You are on page 1of 7

Ahmad Hasan Hariri

11201110000055
Sosiologi 5 B
UTS Sospen

Laporan Mengajar di MTs Negeri 3 Jakarta

Setelah lima semester kuliah sosiologi, rasanya jurusan ini tidak relevan dengan dunia kerja. Saya
rasa ilmu yang dipelajari selama empat tahun kuliah di sosiologi tidak akan terpakai, kecuali jika jadi dosen,
guru, atau peneliti. Ditambah lagi semakin naik semester, semakin tidak jelas saja tugas-tugas dan dosen-
dosennya. Mulai dari tugas membuat review dengan tulis tangan sampai dosen yang hampir tak pernah
masuk tapi hobinya ngasih banyak tugas. Tapi tak apalah, setidaknya ada yang menarik selama kuliah di
sosiologi, yaitu bertemu dengan dosen yang paling rese se-UIN Jakarta. Tugas-tugasnya menantang, seru,
aneh, dan beda dari yang lain. Salah satunya adalah tugas mengajar di sekolah. Sejujurnya saya kaget
ketika mendengar tugas UTS Sosiologi Pendidikan harus mengajar di sekolah, saya langsung mikir, “ini
bener kan gue kuliah ‘sosiologi murni’, bukan ‘pendidikan sosiologi’?”. Okelah kalau penelitian, turlap,
observasi, dan wawancara, tapi ngajar kan tugasnya anak tarbiyah. Baiklah, kalau memang harus
mengajar, ini tantangan buat saya. Saya harus coba.
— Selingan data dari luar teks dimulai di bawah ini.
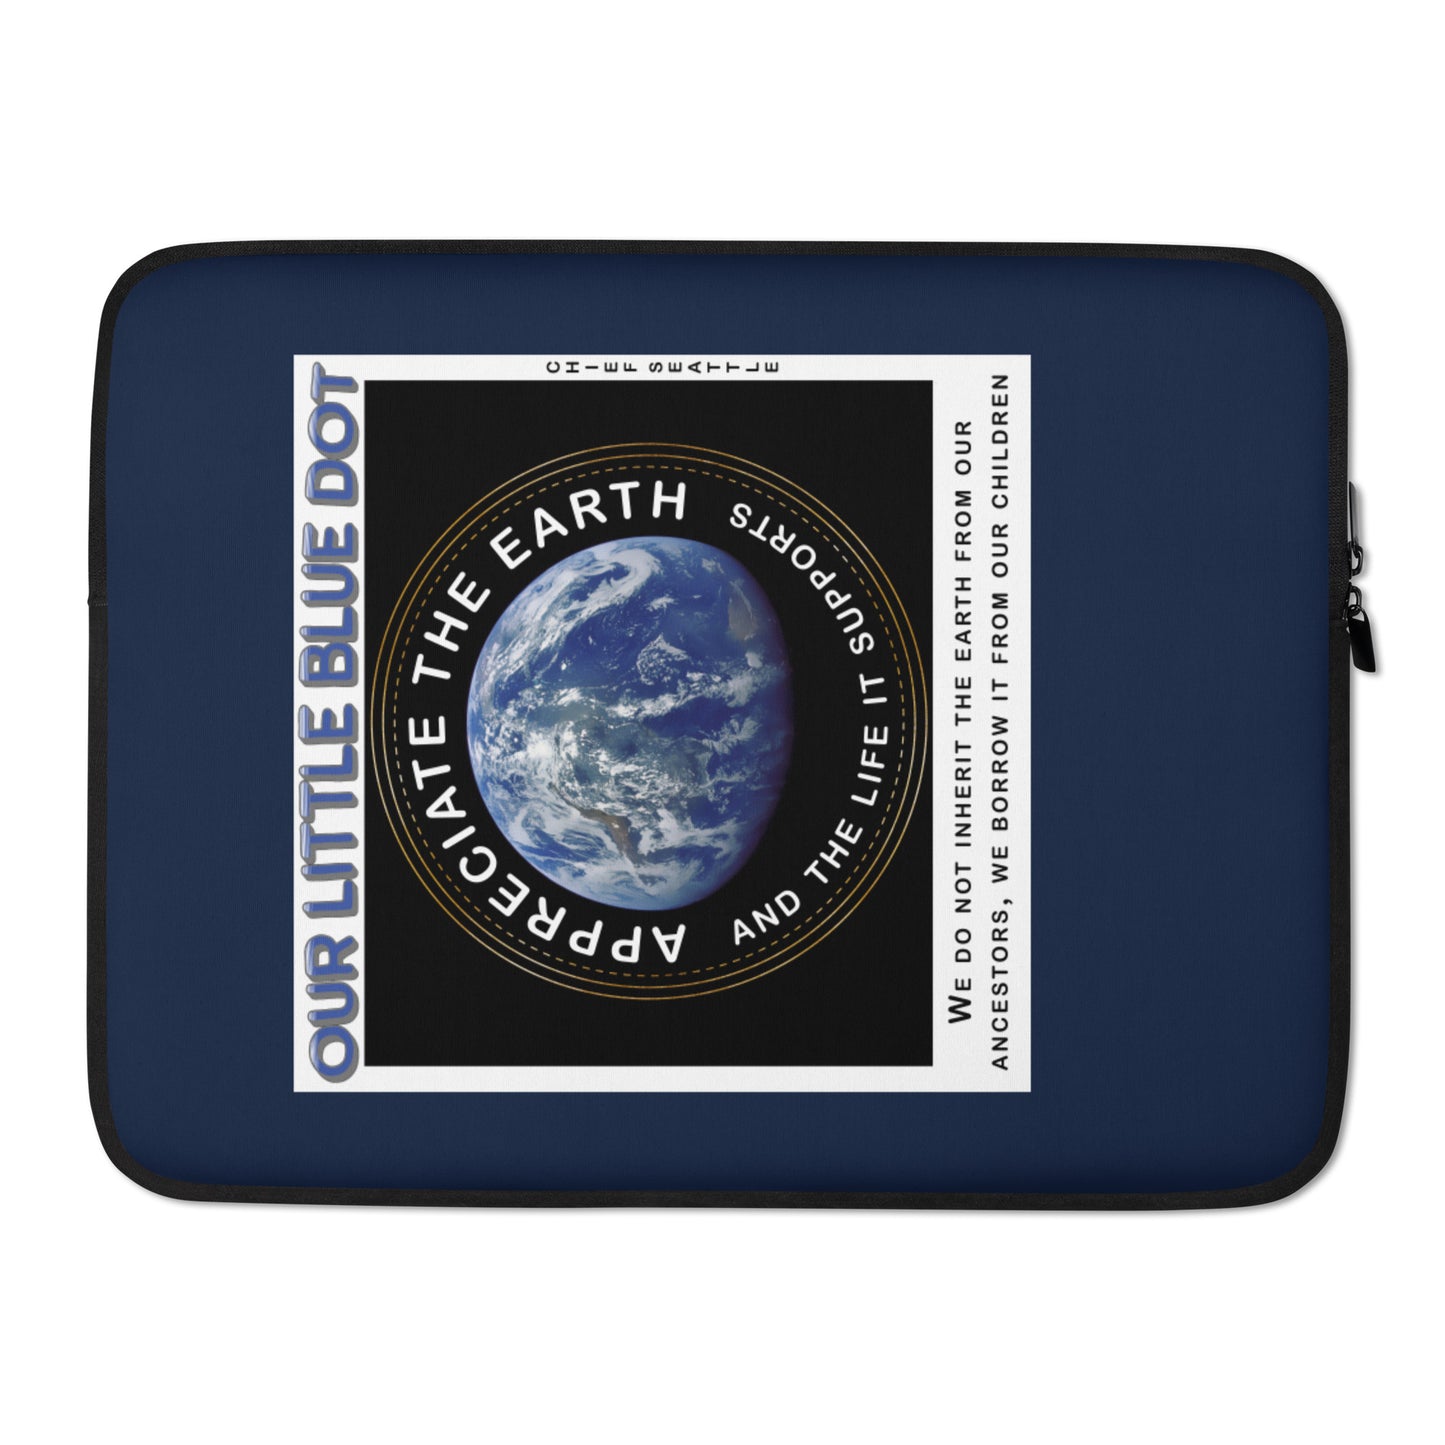 Laptop Sleeve - Appreciate The Earth, Chief Seattle
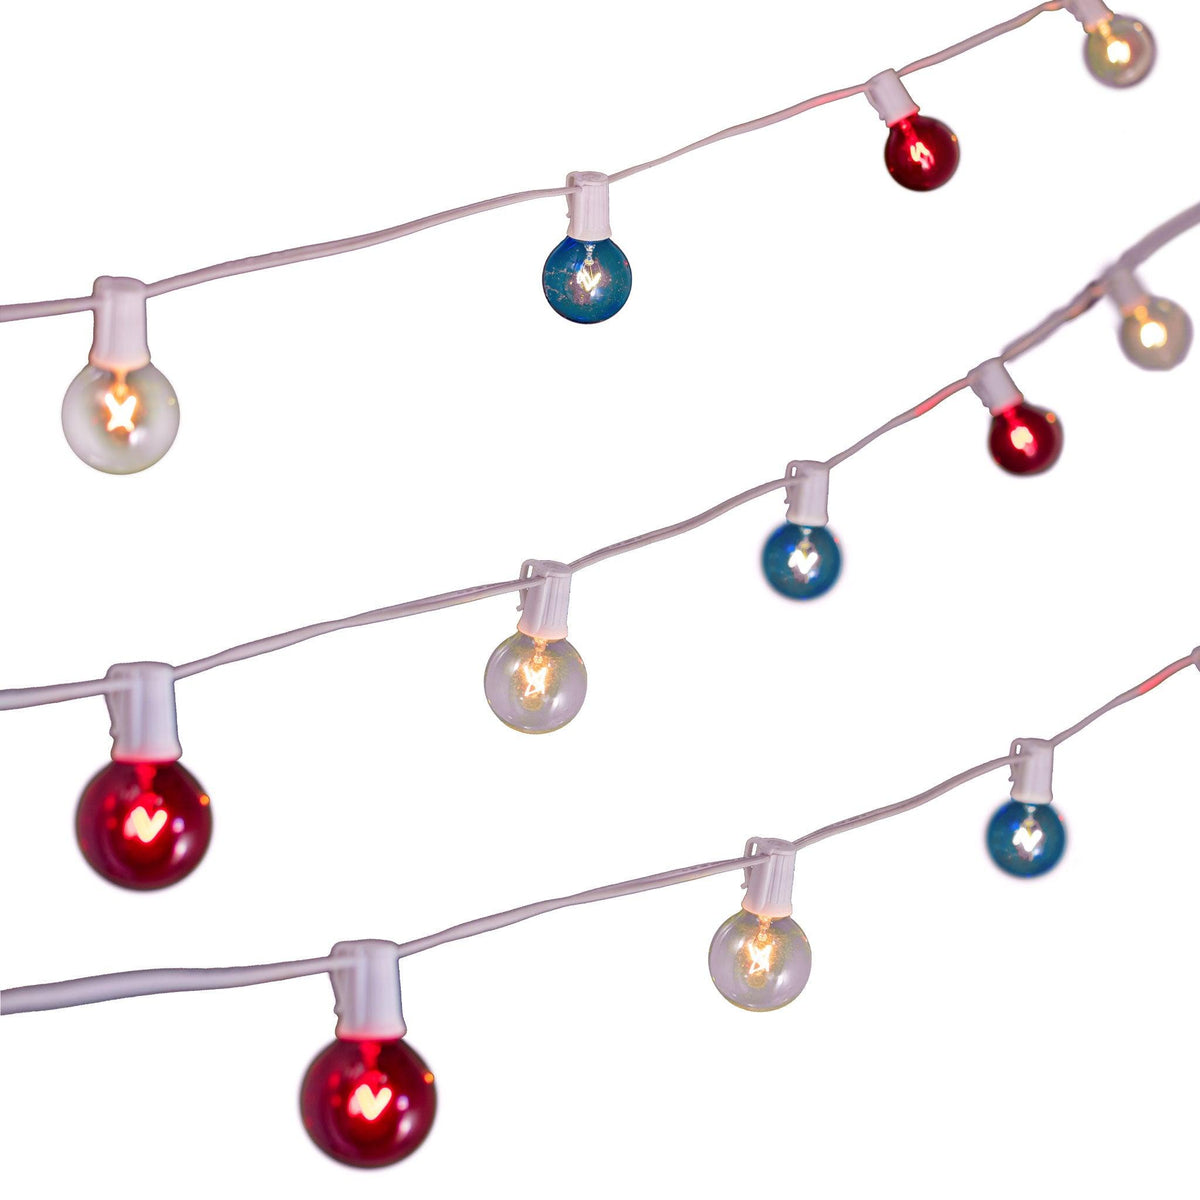 Lee Display's brand new 4th Of July G50 Globe Patio String Lights Set on sale now for the holiday season. Shop at leedisplay.com

Masalah tidak hanya sampai di situ. Muncul pertanyaan di benak saya, “di mana saya akan
mengajar?” dan “siapa yang bisa diajak kerja sama?”. Kedua pertanyaan itu muncul karena dua hal.
Pertama karena saya baru beberapa minggu kuliah offline dan kedua, saya belum punya teman yang
benar-benar akrab untuk diajak kerja sama, ditambah lagi Pak Kesep bilang “jangan ngajar sekitar Ciputat,
karena bakalan rebutan sama anak Tarbiyah”. Saya sempat kepikiran untuk mengajar di sekolah pesantren
saya dulu, di Tasikmalaya. Iyalah, daripada ribet-ribet nyari dan ngurus surat di sini, mendingan ngajar di
sana, sekalian jalan-jalan dan silaturahmi dengan guru-guru.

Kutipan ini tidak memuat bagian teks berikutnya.